The Dream Come True

We are raised on dreams coming true. On happily ever after. Cinderella’s glass slipper fit her, not her step-sisters. Jack escapes from the giant with the goose that laid the golden egg. All problems neatly tied up and solved.

Your dreams are yours to create. Image: available as wallpaper from

We know it takes a pure heart and determination to make those dreams come true, but the stories of childhood end there. The guy gets the girl. They live happily ever after. It’s a little vague how that happens, exactly.

Making your dream come true can be scary. This is your dream, which is somehow supposed to stay in the future, and now you are holding it.  Part of you doesn’t believe you could (or should) have it.

Your negative self talk told you often enough how out of reach it was. You might have chased that dream because it was good exercise, but deep inside you may not have thought you’d catch it. And now you did.

At this very point–the point of reaching your dream or goal, you’ll want to jump back, to the point right before you had it.  After all, if you hold the dream, you suddenly become responsible for it. You will have to be content with it. You will have to live happily ever after. If you could actually achieve it, was  the dream good or big enough?

The biggest burden of reaching a goal is that the same you that struggled for it suddenly has it.   Along the way you might have become older, wiser, thinner, but it is still you.

Getting that dream doesn’t come with a limo and posse for most of us. It comes with responsibility of admitting that we worked hard and got what we wanted.  Time to  acknowledge it. Even when your friends whisper behind your back, “So what? What’s the big deal?”  Some friends will snort, others will be envious. A few people will be mad at you. None of this should stop you from admitting you reached your goal. None of this should make you belittle yourself.
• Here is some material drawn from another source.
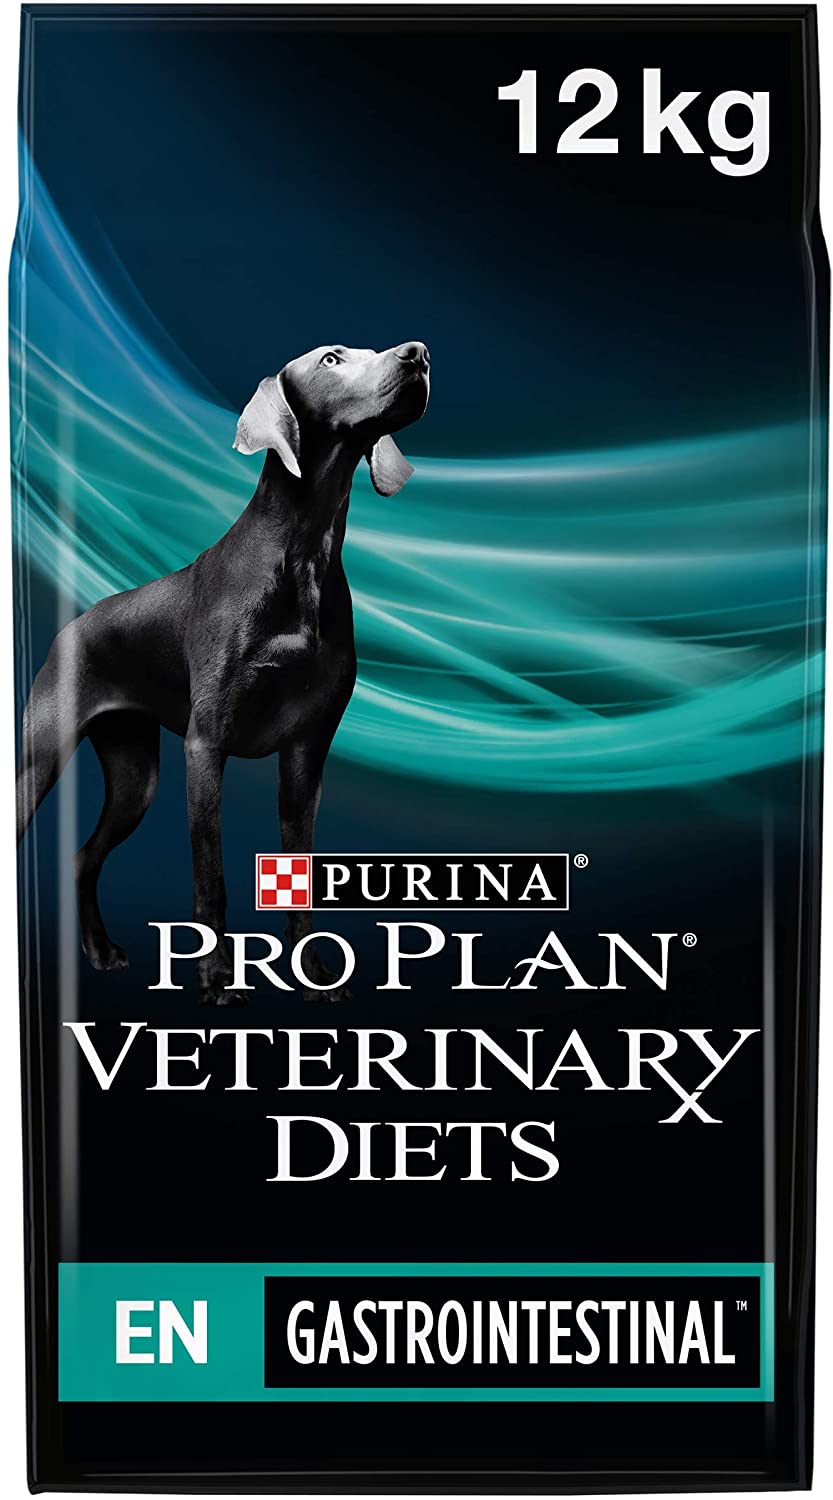  Purina Pro Plan Vet Canine En 12Kg, 12 kg

The important part is knowing what you did to get here, knowing that you could have stopped to avoid having the responsibility and pretended to change the goal. It’s a brave thing to reach your goal. Unlike running a marathon, once you cross the finish line with a goal, you realize you can’t click a stop watch and compare your goal reaching with others and see who won. You did. You got it. You have succeeded.

Before you feel dipped in fear, acknowledge your growth. Be proud of yourself. And take some time to celebrate. Celebrations remind us that we have strength and courage and determination. Celebrations honor those traits without saying that we don’t need anything else. Once you reach a goal, no one can take the accomplishment away from you. Honor yourself. Be proud. You’ve earned it!

Quinn McDonald is a writer and creativity coach who has a tendency to pretend that none of her goals were big accomplishments. She chooses the next one too soon.  She’s working on it.

8 thoughts on “The Dream Come True

  1. A very thought provoking post Quinn. We spend so much time focused on reaching the goal and so little time on what to do what it is finally achieved. Food for thought!

  2. When I was in my thirties I made a big leap in my work and took on an ambitious project across the country. My brother in law, who is my age, had just been given several promotions and was in the upper strata of the corporate world. He came to visit the studio and take me out to dinner.

    I started thinking about how I (and artists like me) never had public milestones that our friends and family could celebrate. Most of us weren’t getting shows at the Whitney. I didn’t celebrate my accomplishments either. It was just put the harness back on and keep going.

    I’m still trying to figure this out for myself.

    Thanks for the post.

    Sent from my iPad Susan King

  3. This is such an important idea — the how to’s after you reach a goal. There is all kinds of information out there on HOW to reach a goal, but not much on how to accept and know the new you once a big goal is reached.

    I think maybe I reach a goal, turn around, and look for me so I can celebrate, but the me I know is no longer the me I am. Change. Oh dear! I’ve gone and changed, and barely recognize the new me. Do I like her? Can I maintain the change, or am I really just a big fake? And what to I do NOW?

    You can probably tell how confusing the whole thing is for me. It’s hard to even get in words.

    • I’d suggest celebrating. You are due for one if you notice change and goal-reaching. And celebrating yourself in ways that make you feel stronger and surer that you reached the goal you worked hard for is an excellent activity. How would you celebrate yourself, Bo?